◆ **Work item**
Span requested from the data below: the line with "圣诞节 专题 首页 楼盘" through the line with "Bears - OOAK", both included. Give only these lines again, exactly, and leave every picture out.

◆ **Data excerpts**
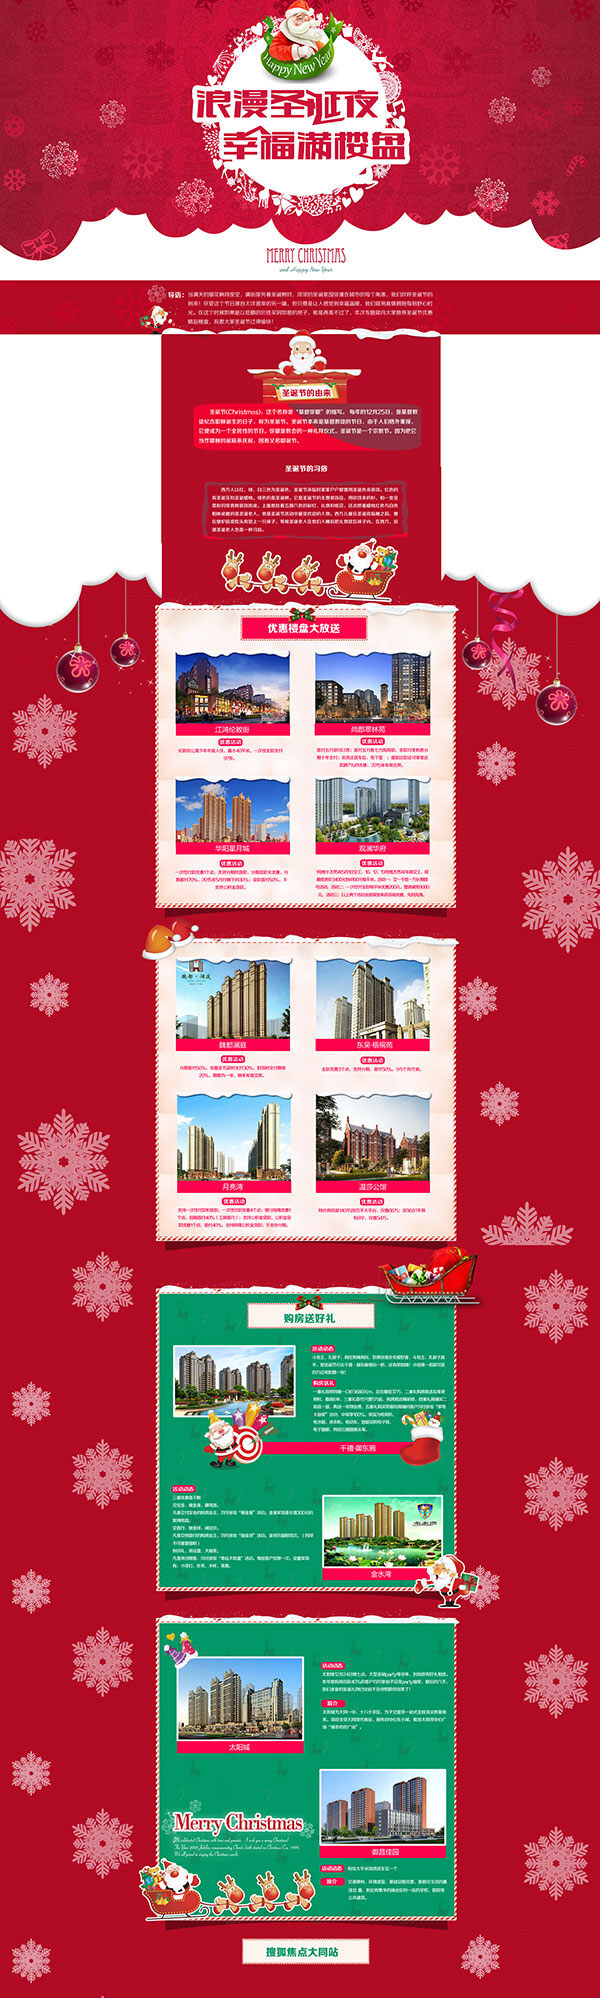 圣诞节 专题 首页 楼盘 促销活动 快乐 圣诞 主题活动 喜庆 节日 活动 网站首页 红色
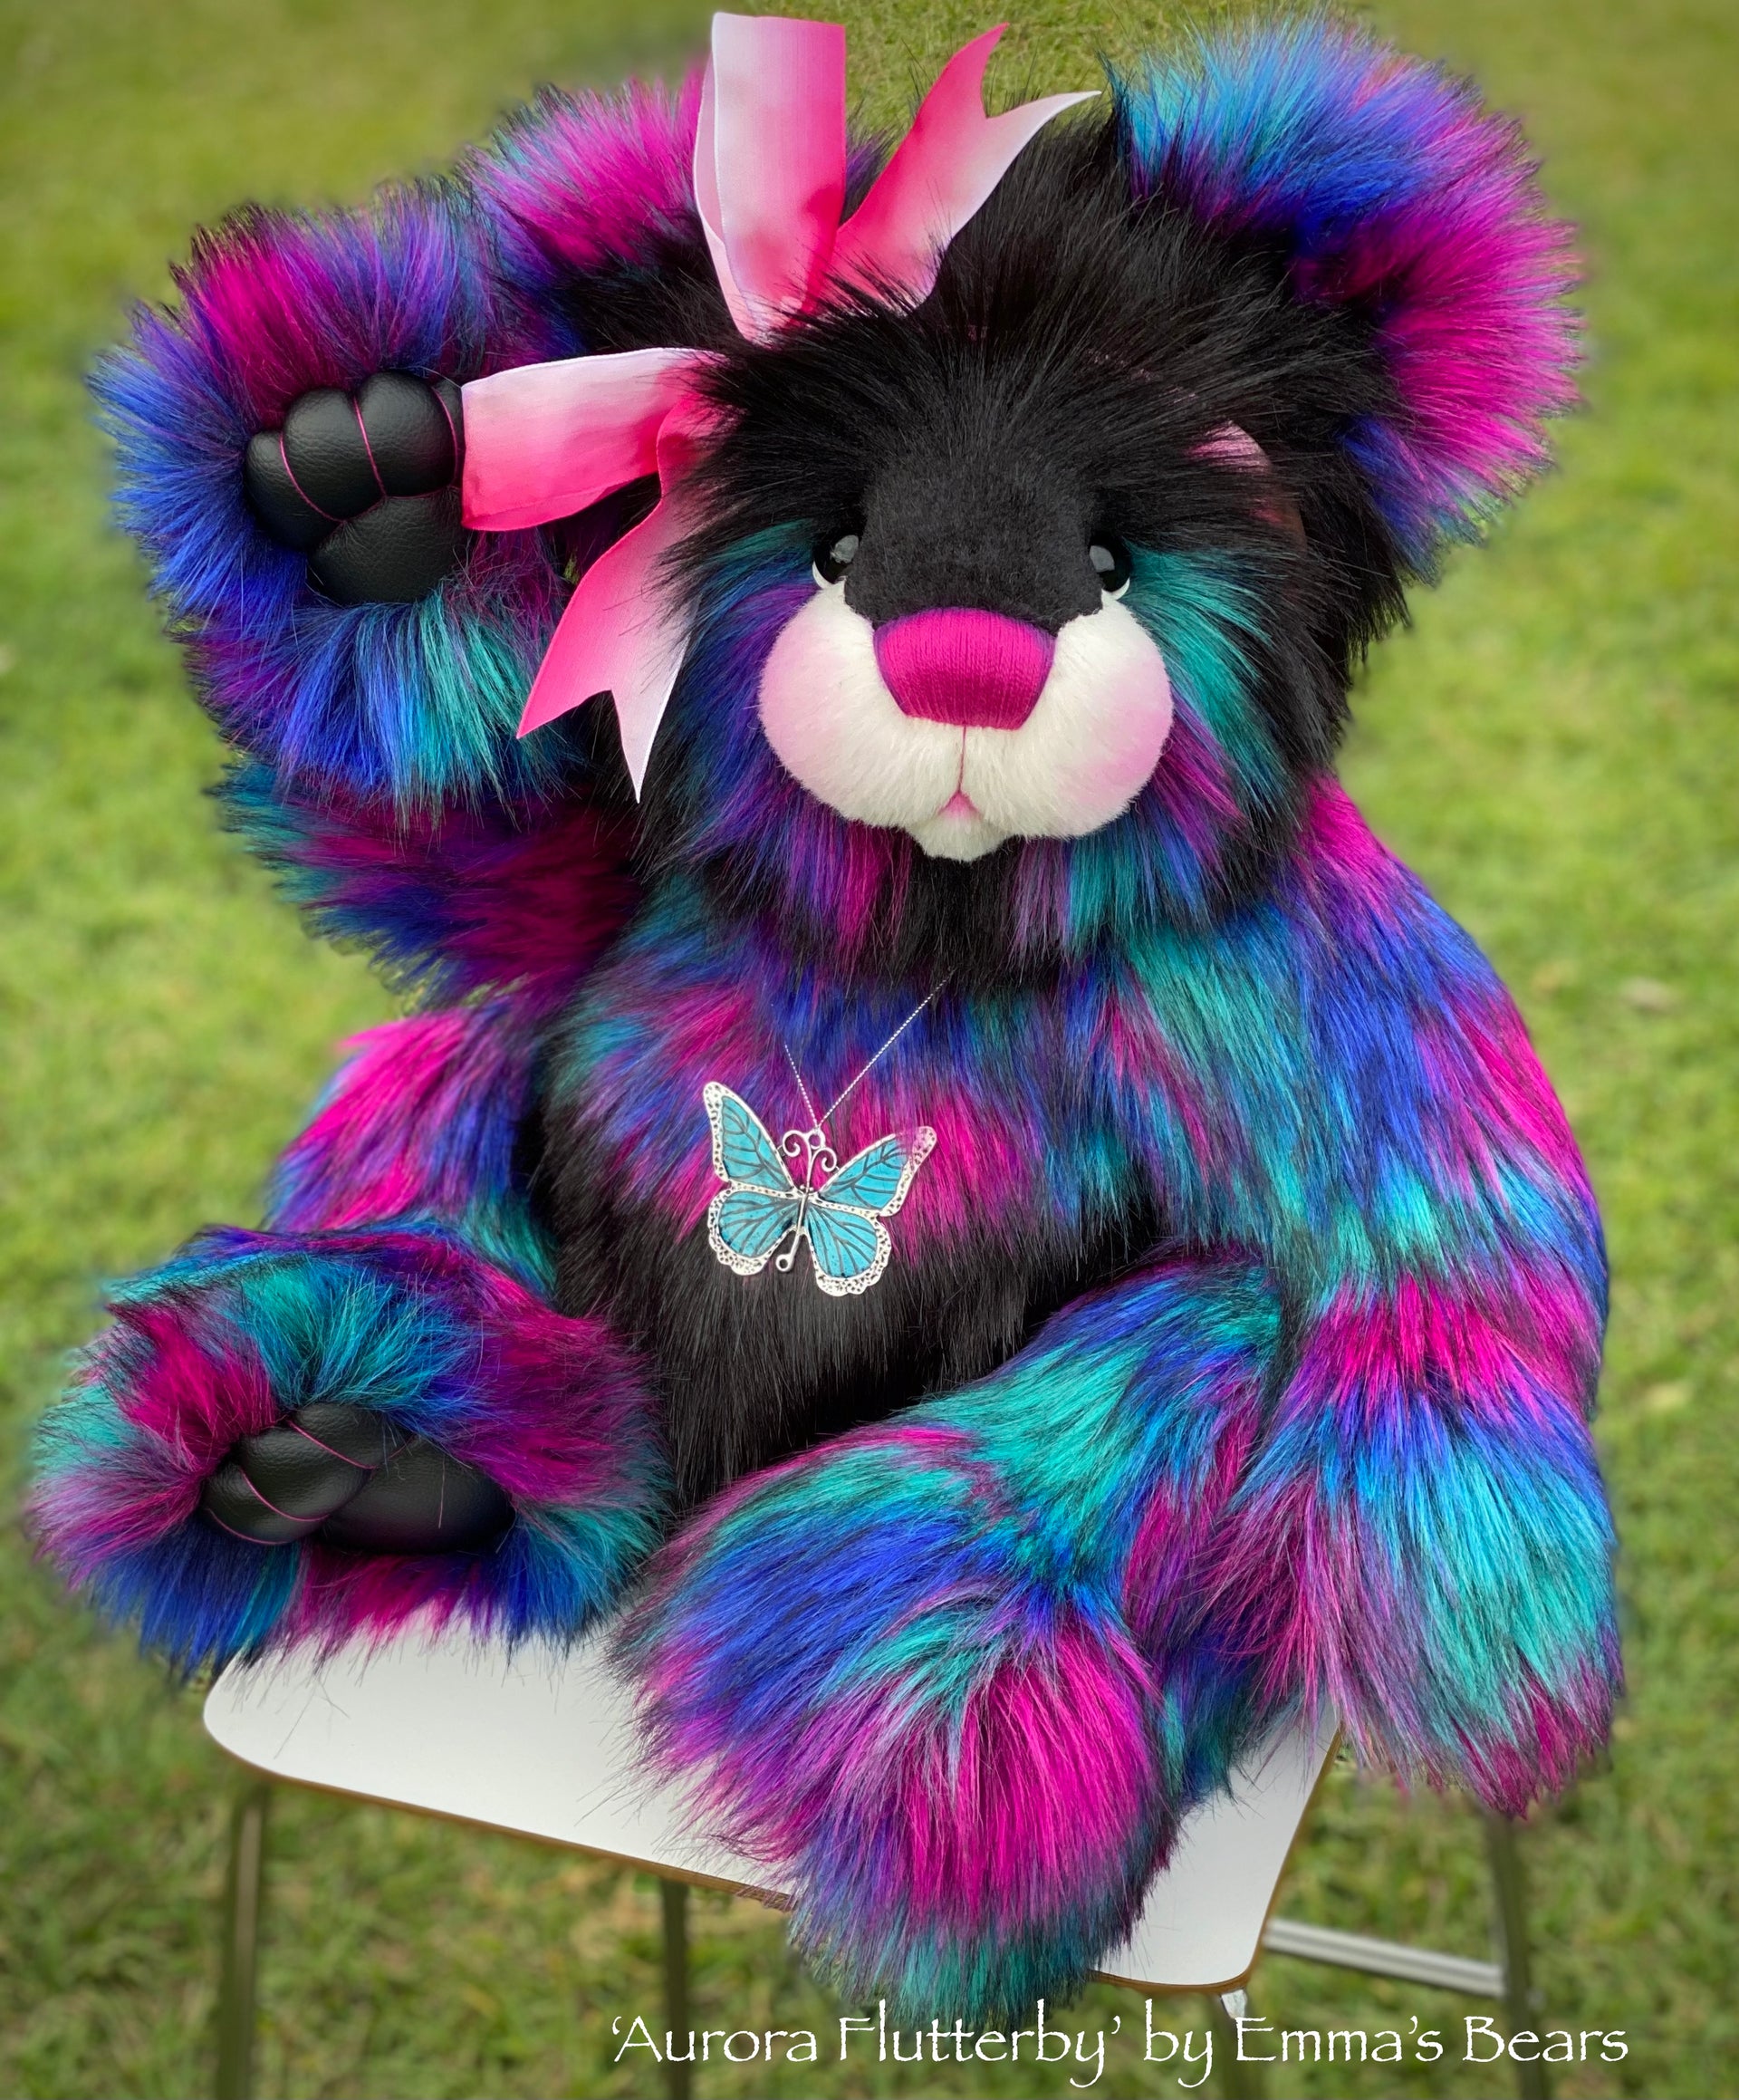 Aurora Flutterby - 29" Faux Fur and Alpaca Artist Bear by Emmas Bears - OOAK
...
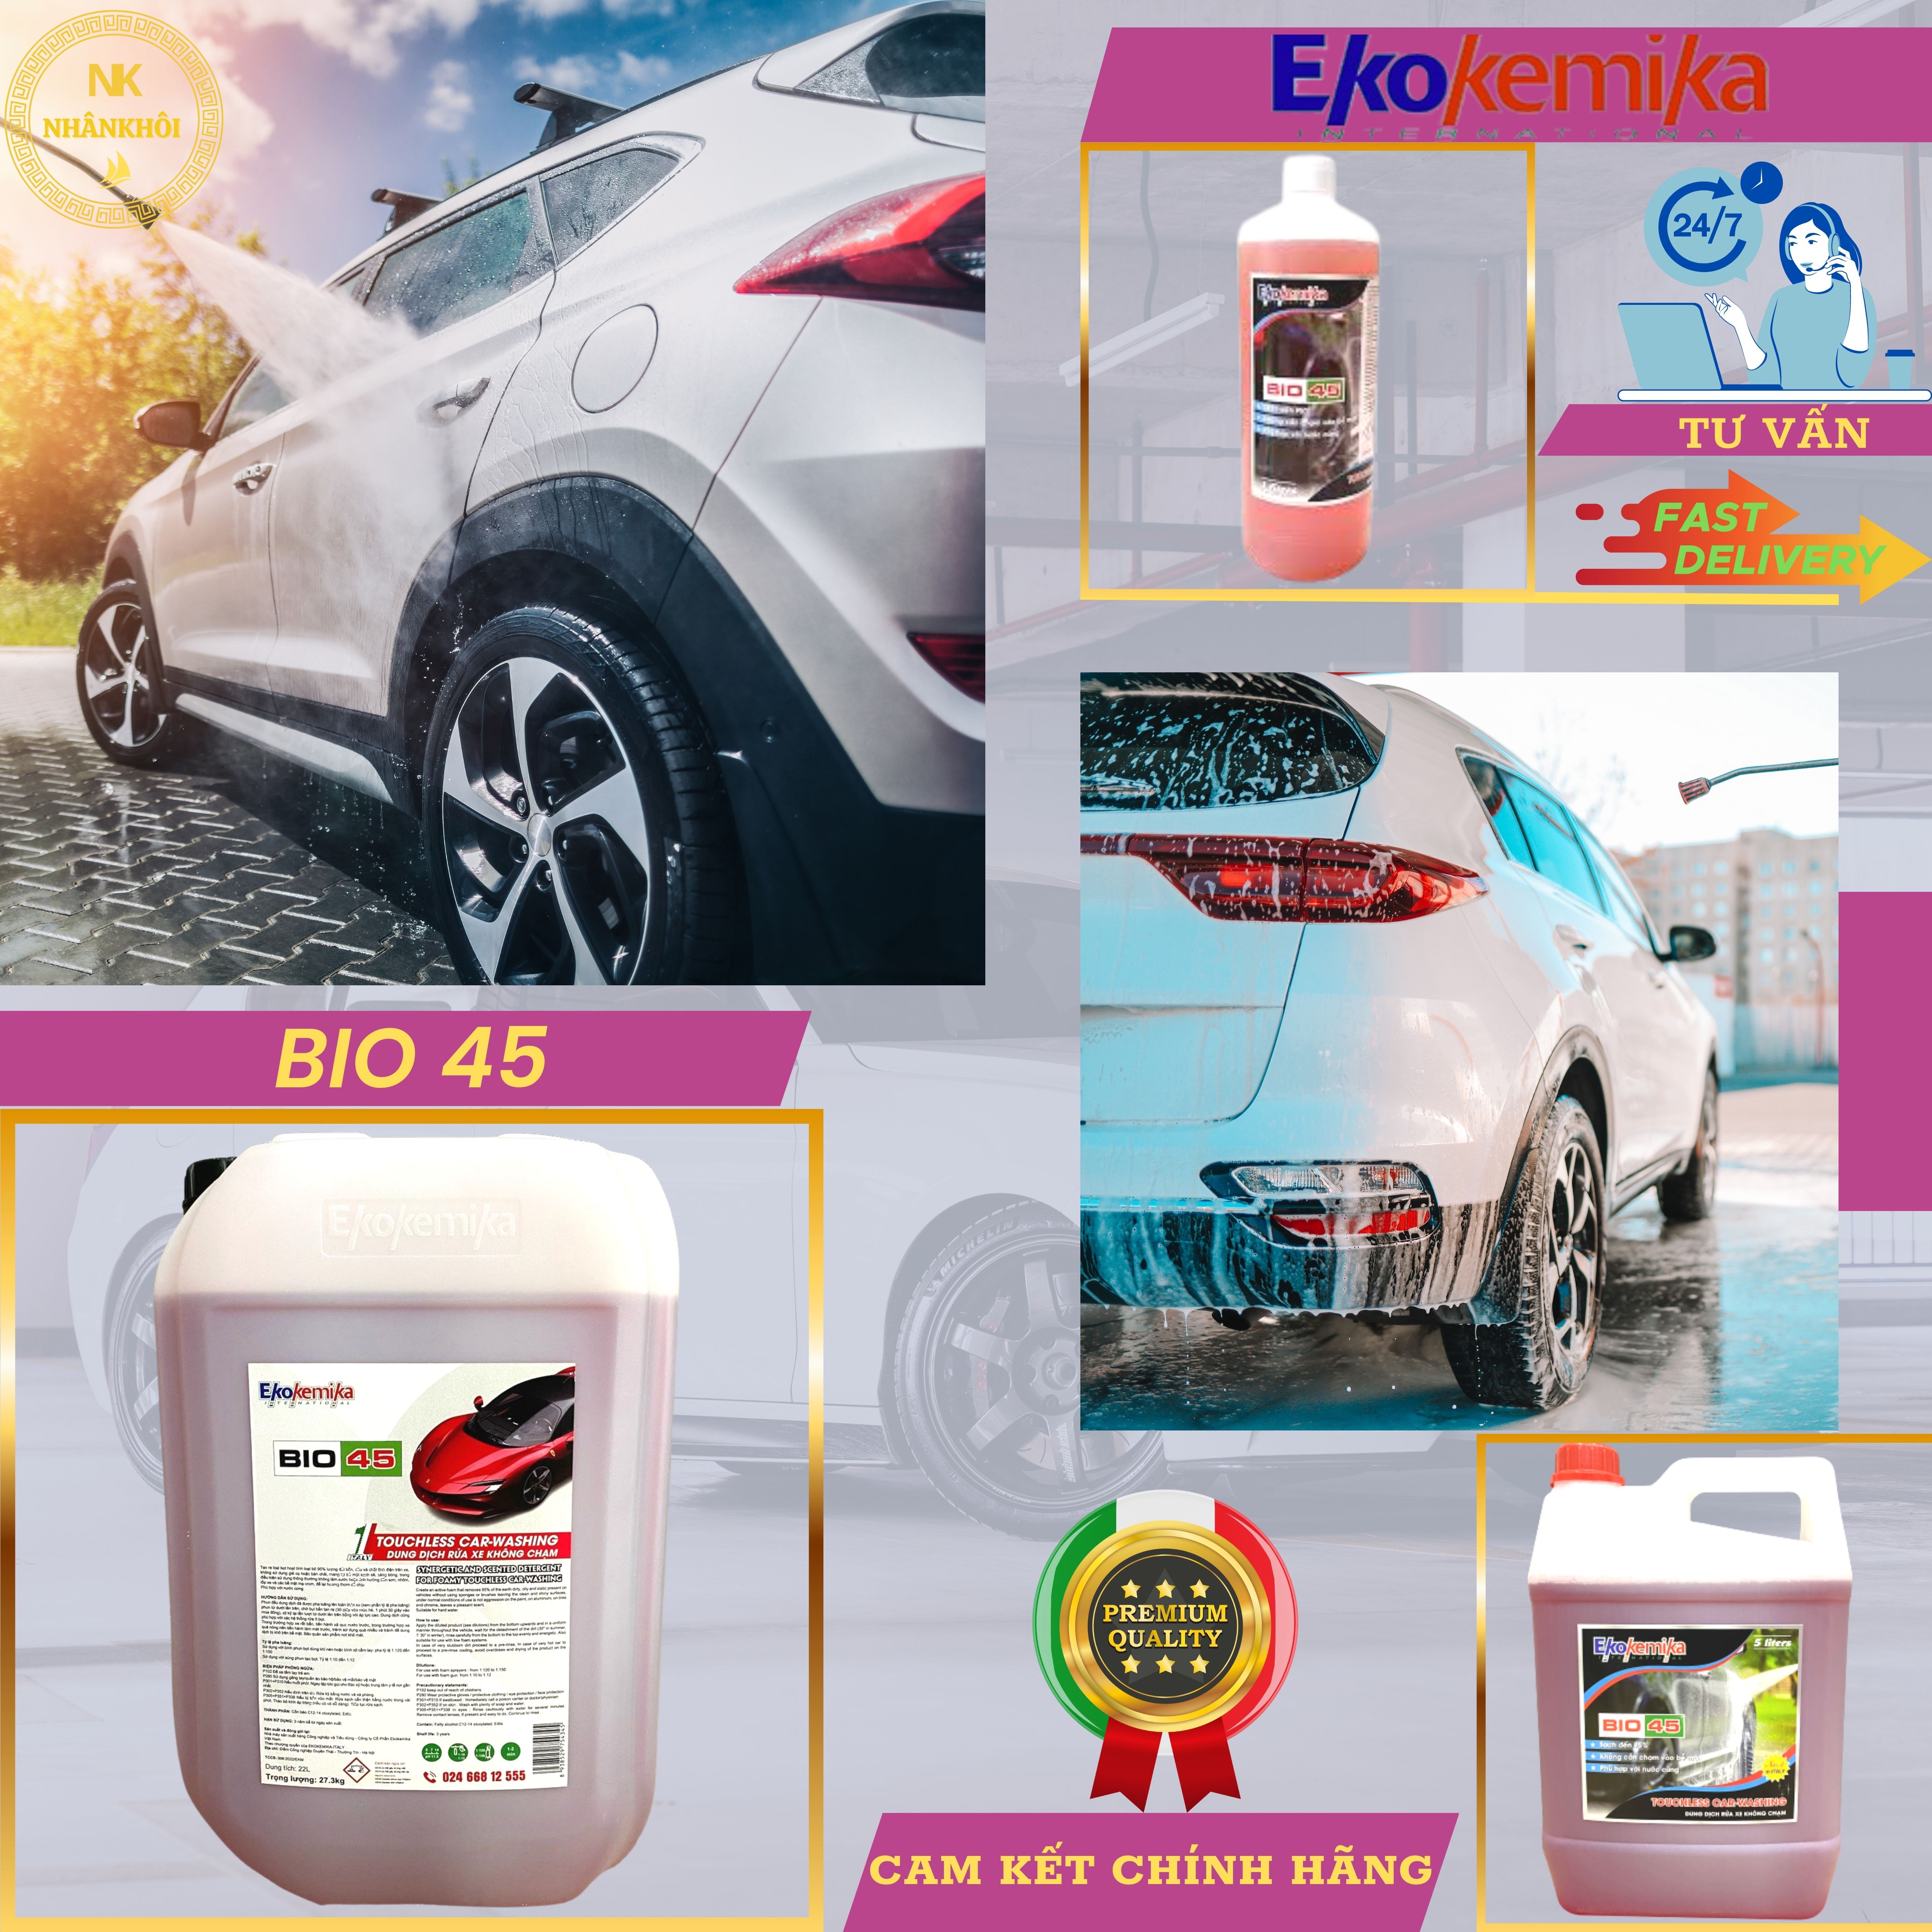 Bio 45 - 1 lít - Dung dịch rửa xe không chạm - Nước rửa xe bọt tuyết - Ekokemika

◆ **Written answer**
 圣诞节 专题 首页 楼盘 促销活动 快乐 圣诞 主题活动 喜庆 节日 活动 网站首页 红色
 Aurora Flutterby - 29" Faux Fur and Alpaca Artist Bear by Emmas Bears - OOAK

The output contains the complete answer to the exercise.